Following the EP’s release, Dahl started work on the band’s first full-length album, “Willow.” She wanted to not only base it around a narrative theme but also expand beyond the bass-drum-guitar sound when performing the songs live. Dahl recalled that Bridgers told her, “Go get your orchestra.” So after recording “Willow” in Los Angeles with Sara Cath, Dahl headed to New York in 2017 and found Nardo, Wollowitz, Rothman, Brennan and others. Once she had the band she desired in place, she released “Willow” in March 2018.

The opening musical passage of “Madison” references the final piano outro of “Willow,” beginning where the other ends, but the two albums differ. Musically, where “Willow” is more of an alt-rock opera, “Madison” is a wall of sound with poppier leanings that key in a spectrum of emotions — the uplift of “Party Anthem,” the delightful weirdness of the wordless “Bianca Castafiore,” the wistfulness of “Wilt.” And thematically, where “Willow” is about “numbness” and “touching but not being able to feel,” “Madison” is about “loneliness” and wanting someone who is just out of reach, Dahl said. “It’s like you figured out how to have these feelings, but you have nowhere to put them.”

The desire to make “Madison” happen was intense enough that nothing could stop it. Not even a mugging a month before the cave sessions, during which Dahl was slashed in the face, hand and back. After the incident, the band talked of delaying the recording to spring 2020 but decided to push ahead. Even after it was done, Dahl was concerned she had irrevocably harmed herself mentally. “But then the pandemic happened,” she said. “And I was like, ‘No, good call, because now I have a lot of time to recover.’”

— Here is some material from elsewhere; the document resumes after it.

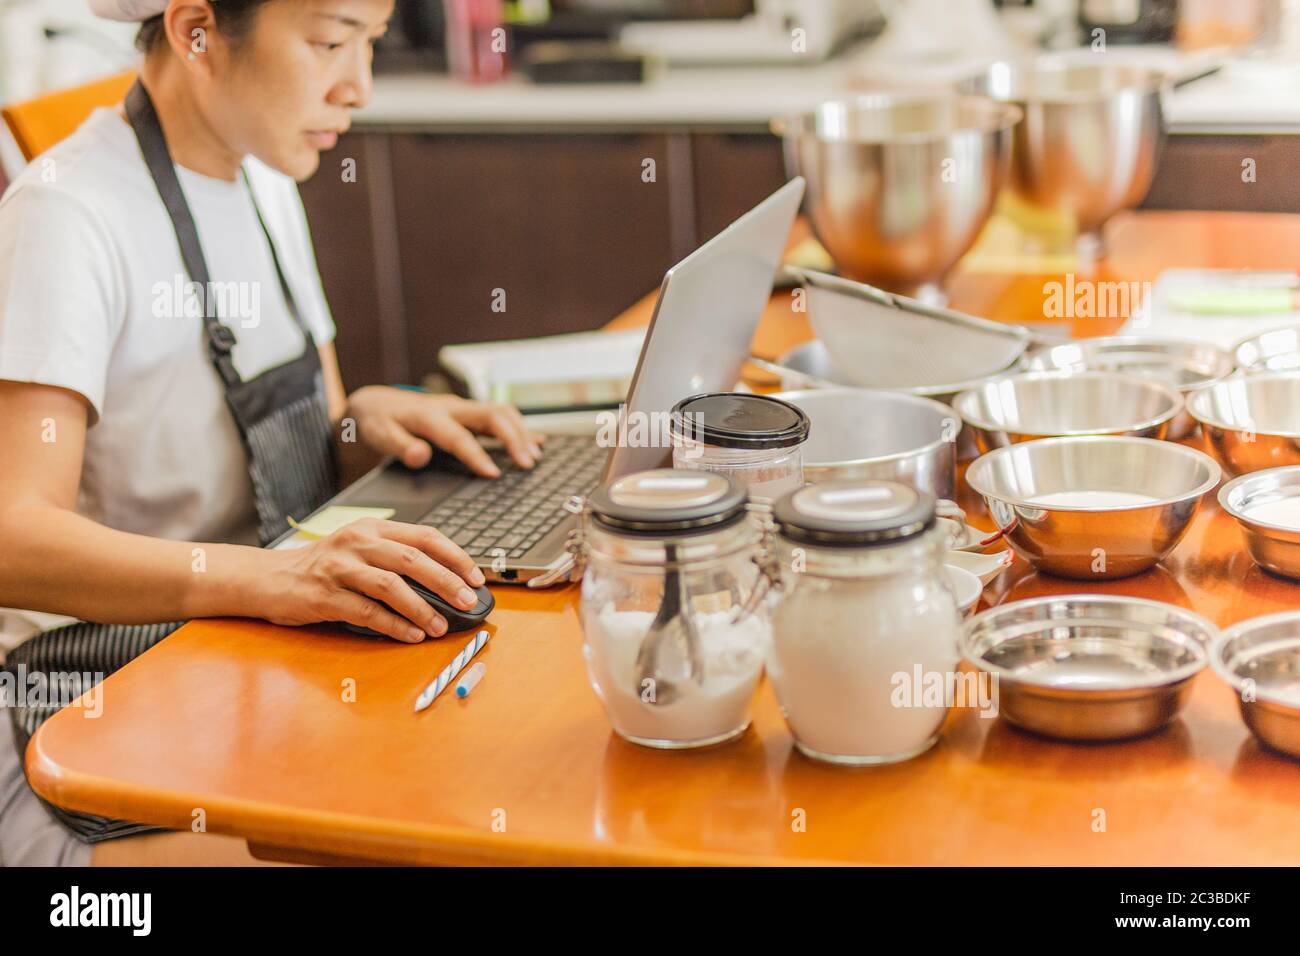 Female baker working on laptop with bakery ingredient on table. Stock Photo

At the start of last year’s lockdown, Dahl left the closetlike space she had called home in Bushwick, Brooklyn, first spending a few months in Wisconsin and then returning to Los Angeles. She spent the pandemic working on other people’s projects, both visual and musical; doing more cave recordings; putting the final touches on “Madison”; and finding it a label, Bridgers’s Saddest Factory Records.

Dahl hopes someday to do a third album that picks up where “Madison” leaves off and uses the piano she played in the cave, then she wants to perform all three as one piece in concert. For now, more traditional shows are on the horizon, including an appearance at Pitchfork’s festival in Paris this month. But perhaps the cherry on the cake is that she is verging on the sound she has wanted to achieve since she was a teenager.

“I think that I got close with this record,” she said. “I think that it sounds like a scratched Roy Orbison CD.”